■ What this task involves ■
Begin at the line that has "800 német Tesla", stop after the line that has "案例武汉武商集团股份有限公司财务分析案例", and print exactly those lines from the records below, without any pictures.

■ Recorded data ■

***

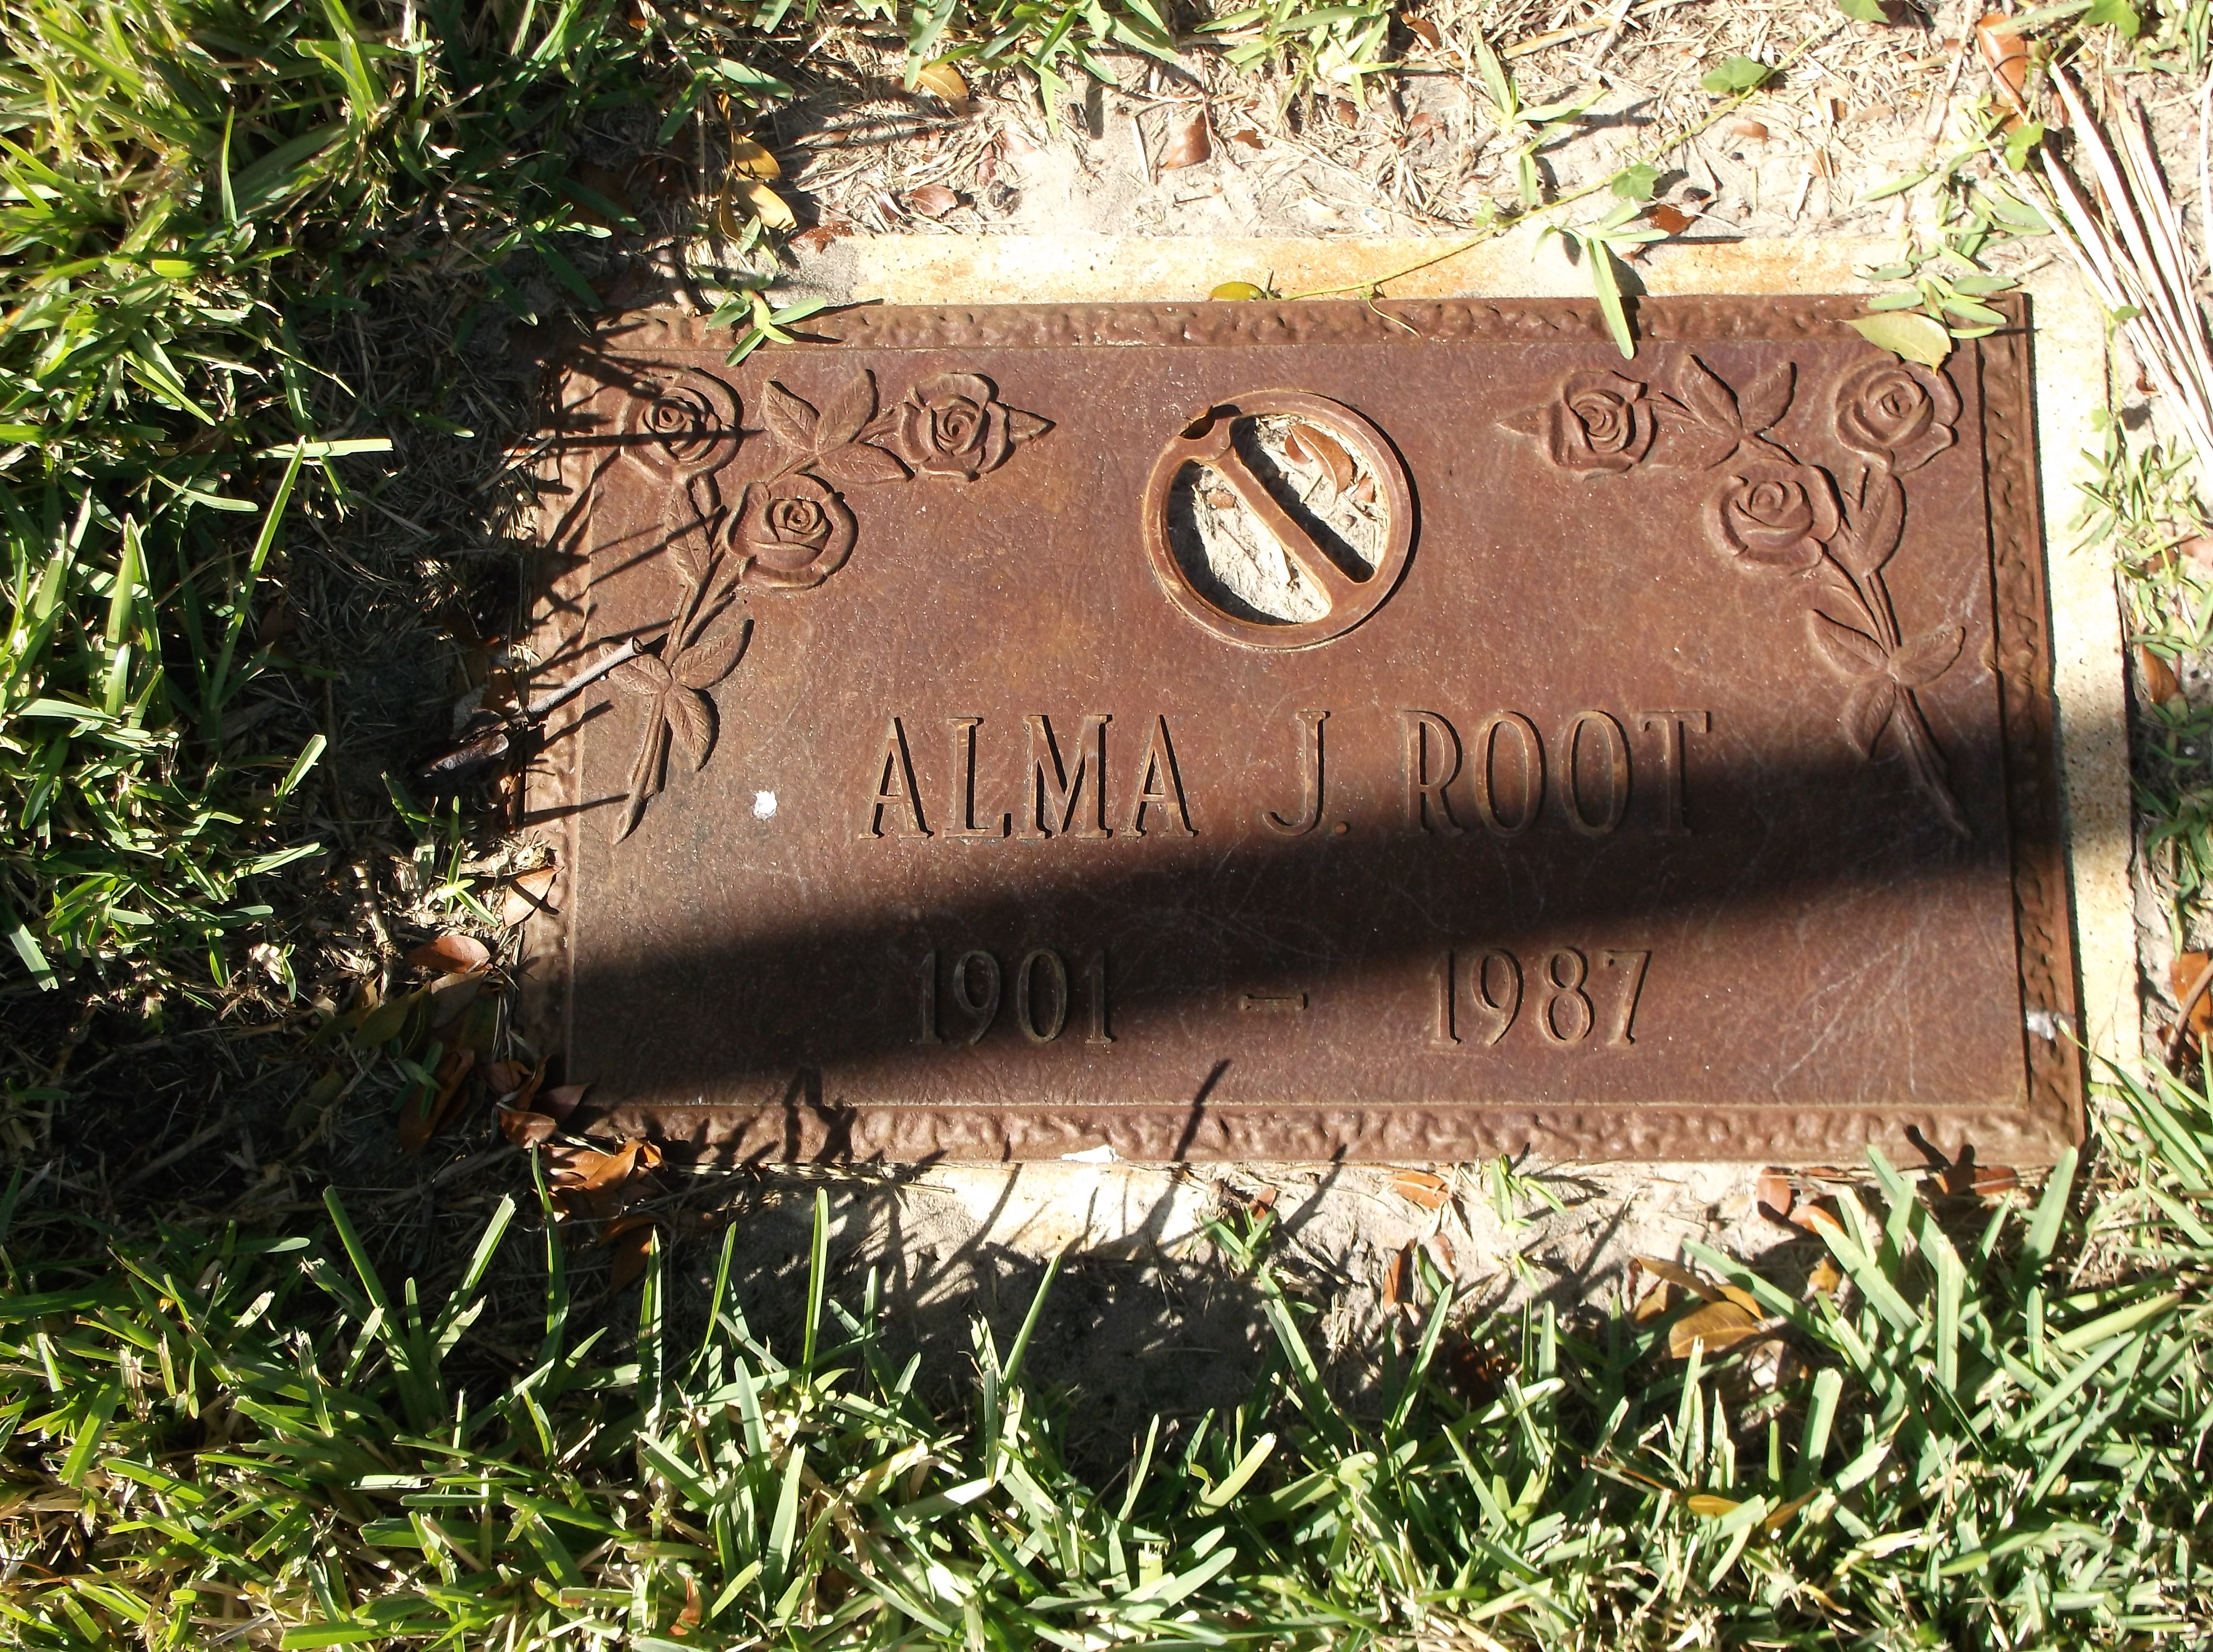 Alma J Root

***

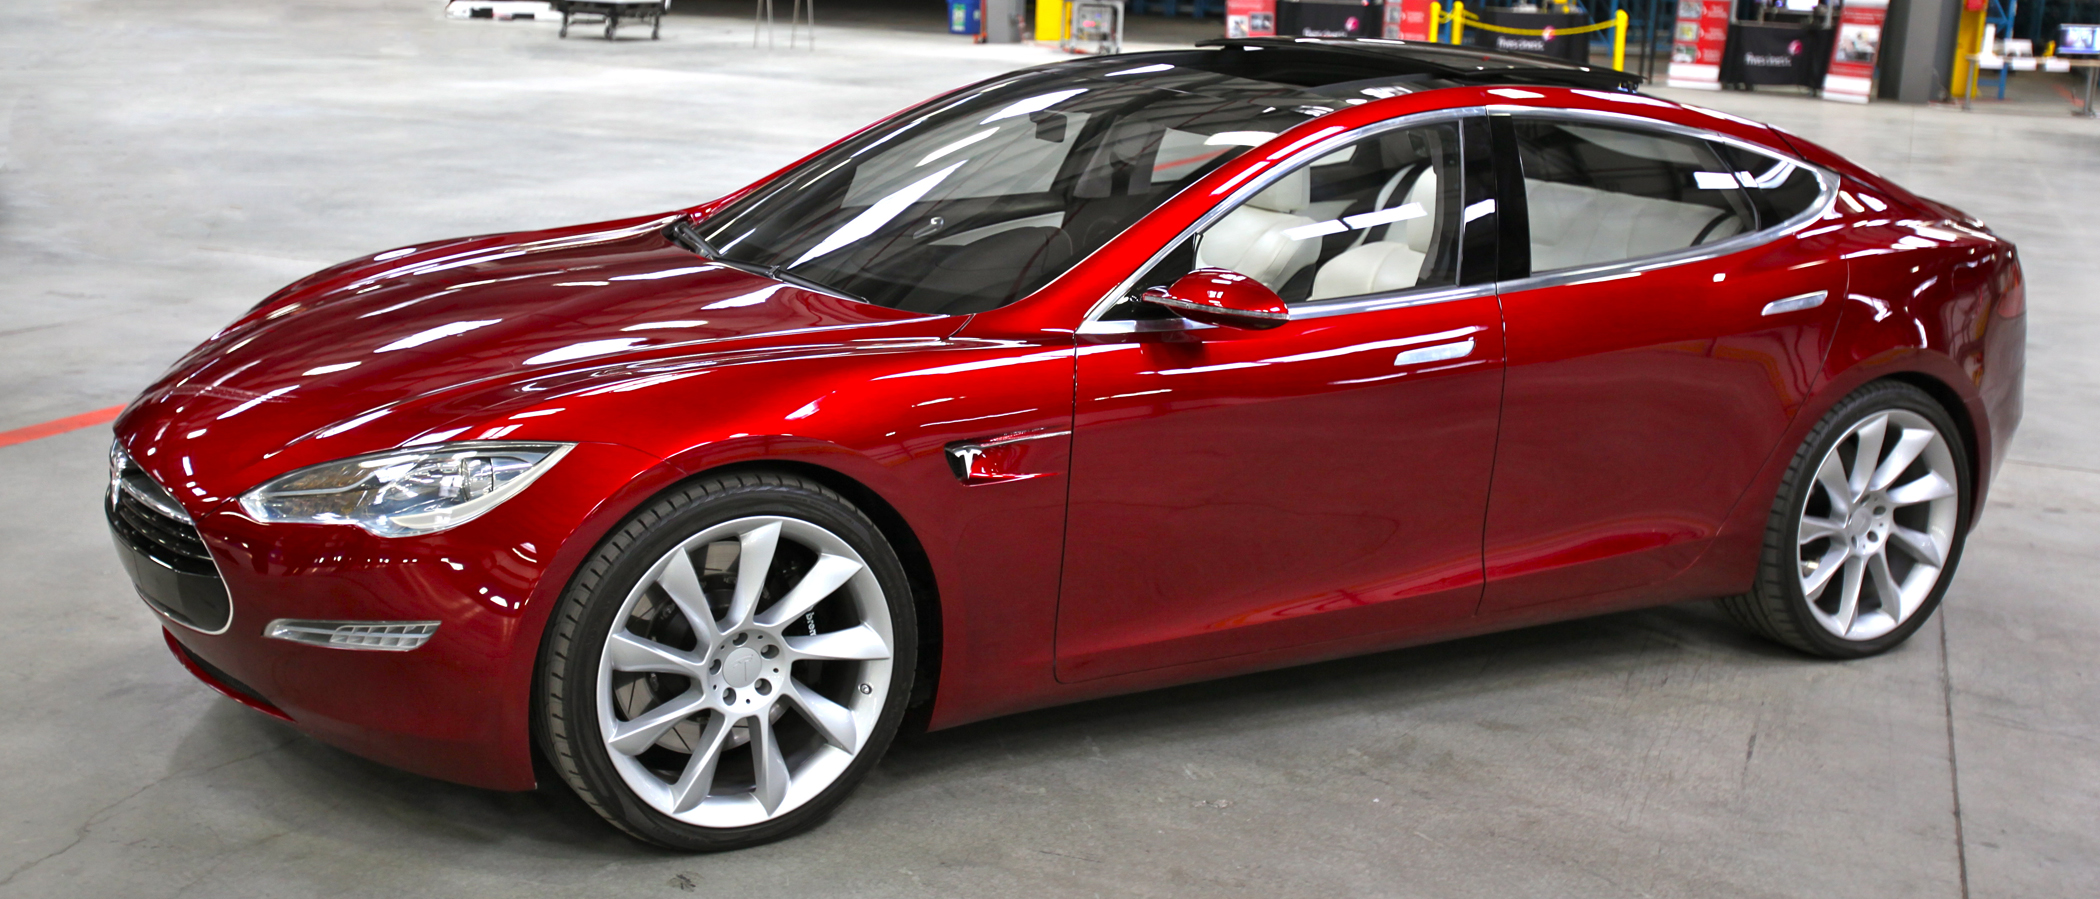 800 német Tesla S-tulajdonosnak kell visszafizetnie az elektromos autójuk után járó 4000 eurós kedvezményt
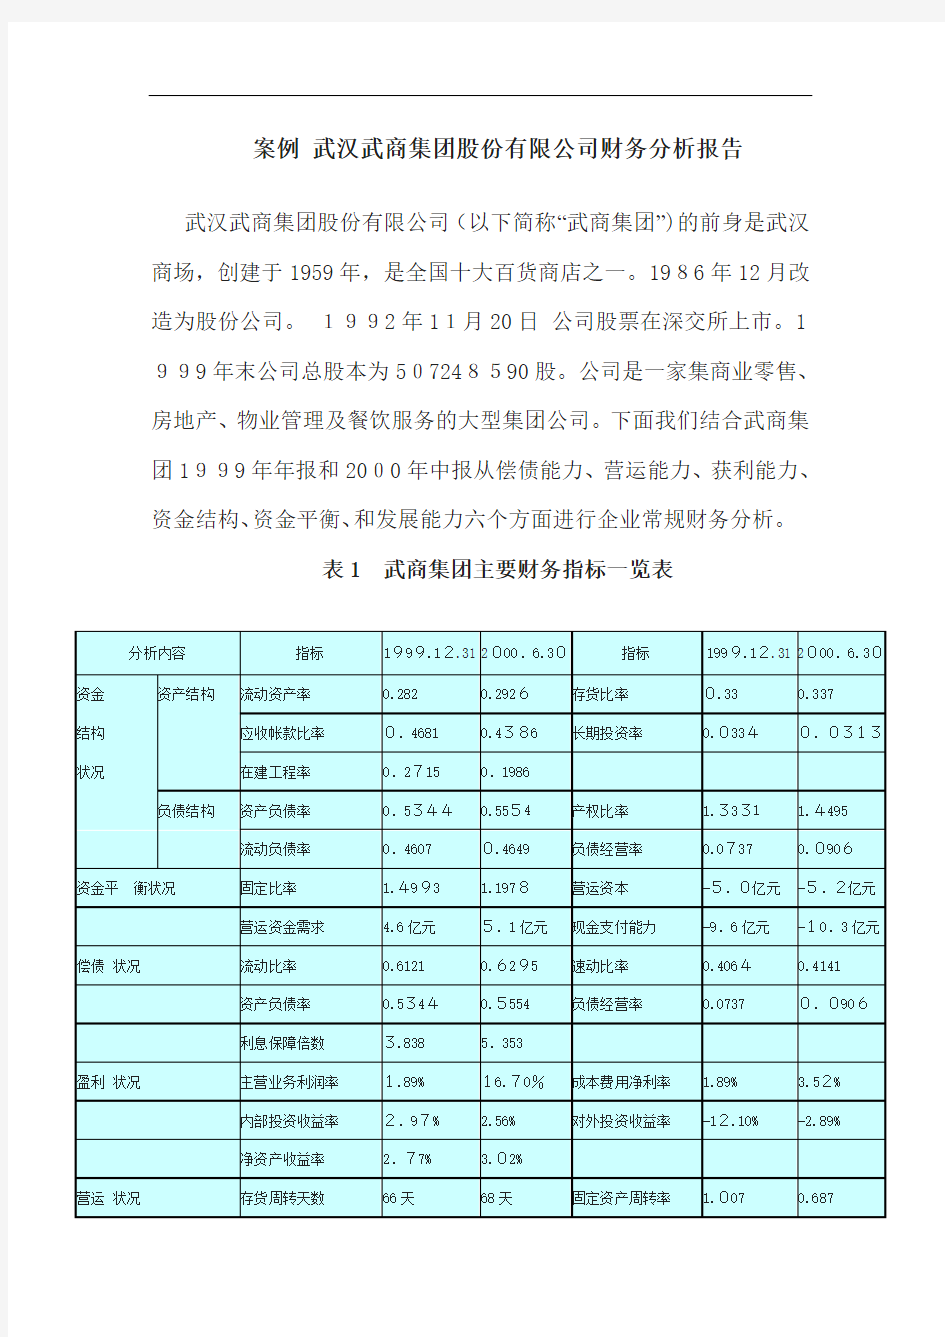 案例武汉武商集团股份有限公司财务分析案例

***

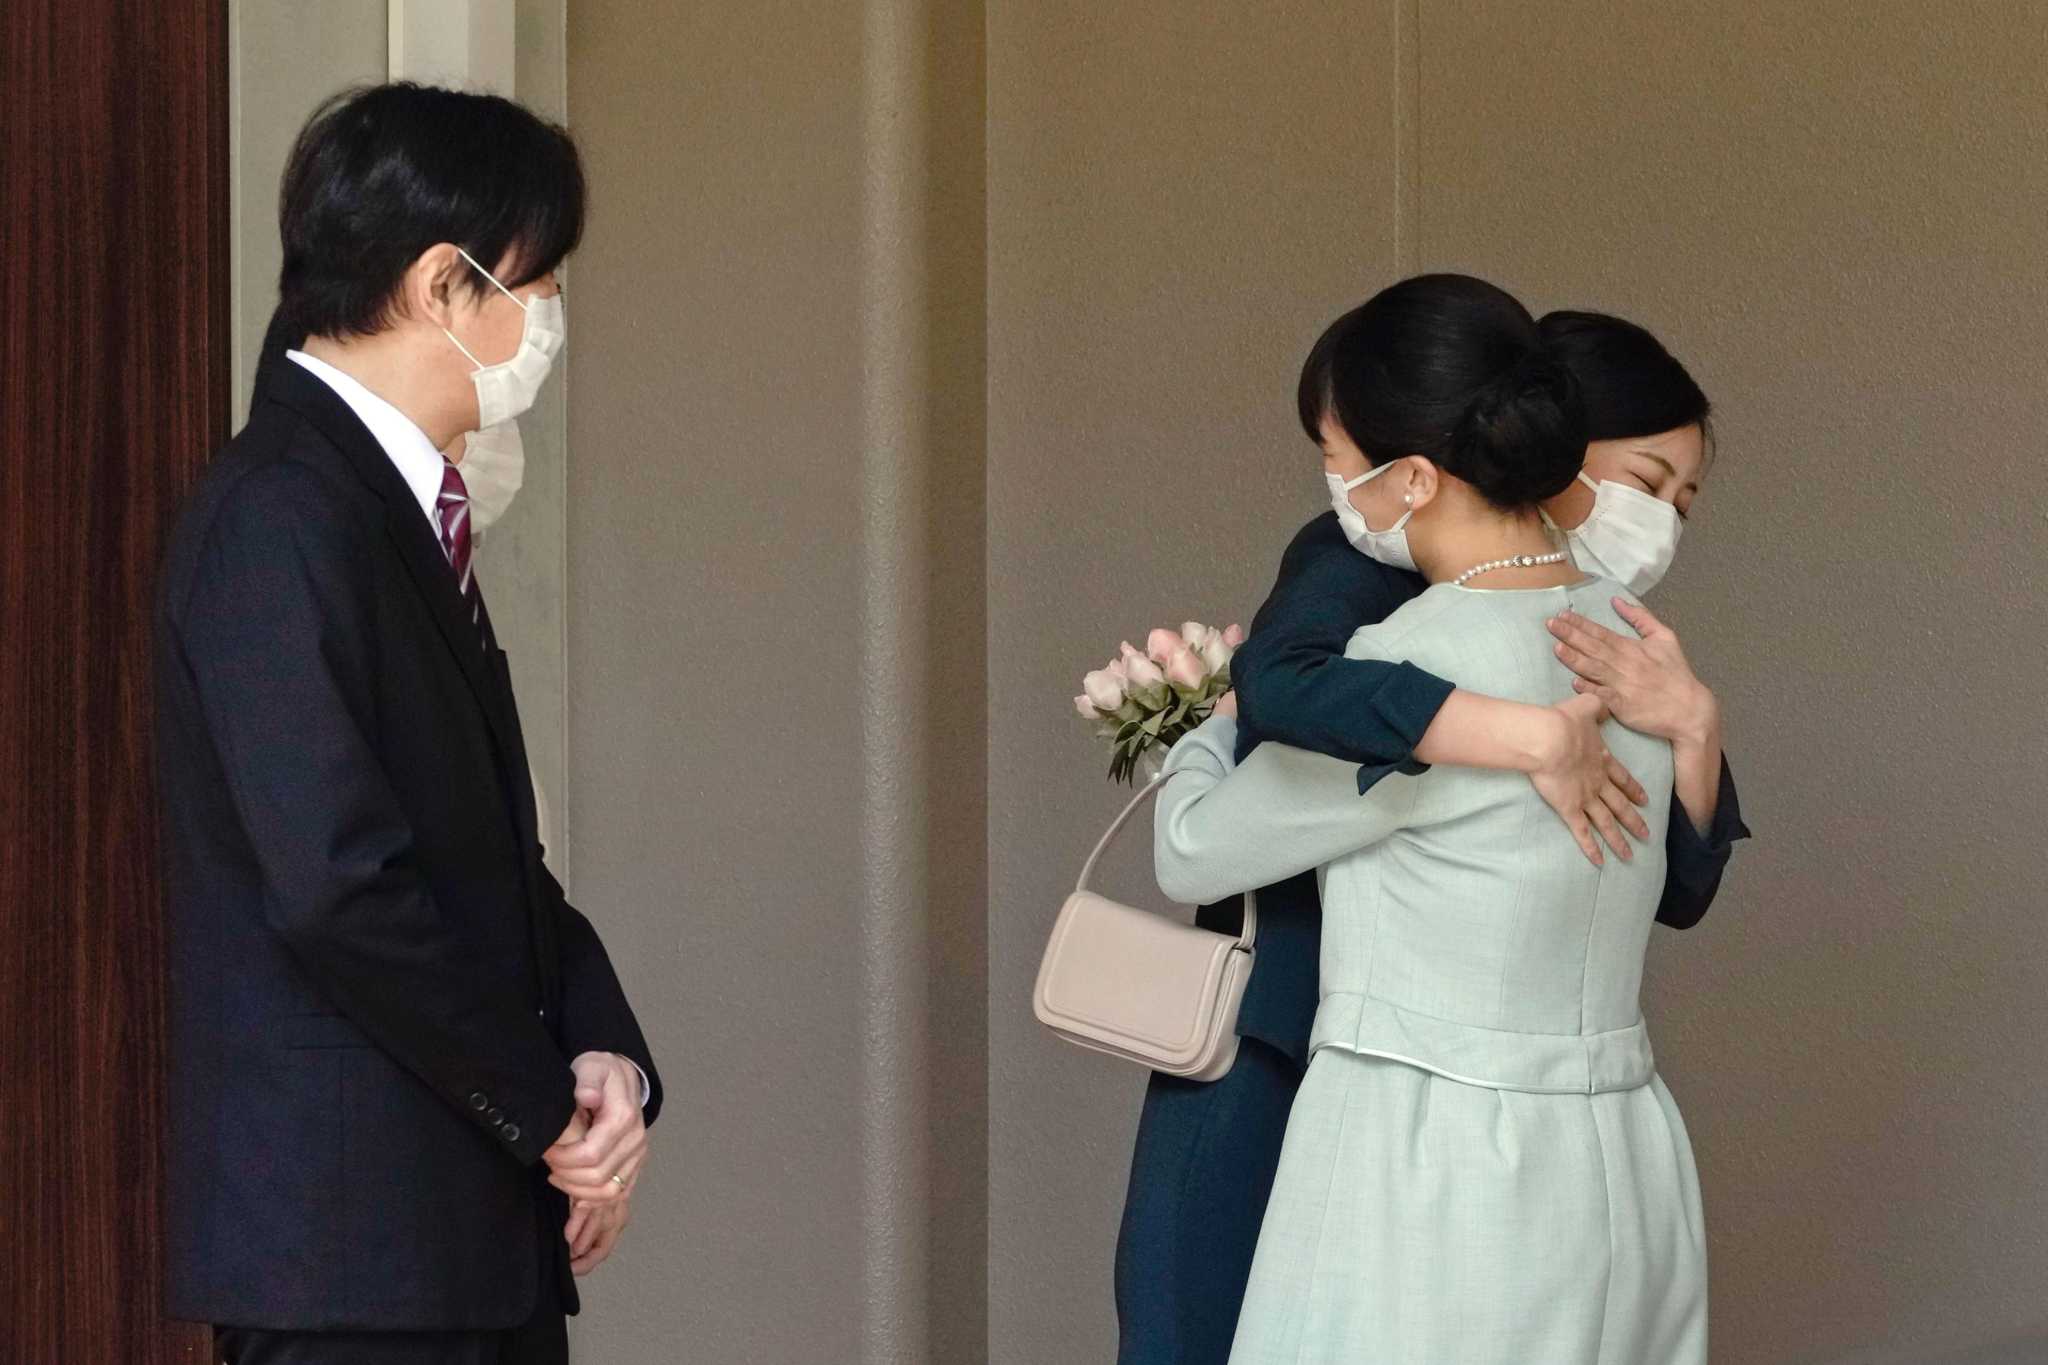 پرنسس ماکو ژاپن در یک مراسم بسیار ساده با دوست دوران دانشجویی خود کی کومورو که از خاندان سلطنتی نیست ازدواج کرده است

***

■ Answer space ■
 800 német Tesla S-tulajdonosnak kell visszafizetnie az elektromos autójuk után járó 4000 eurós kedvezményt
 案例武汉武商集团股份有限公司财务分析案例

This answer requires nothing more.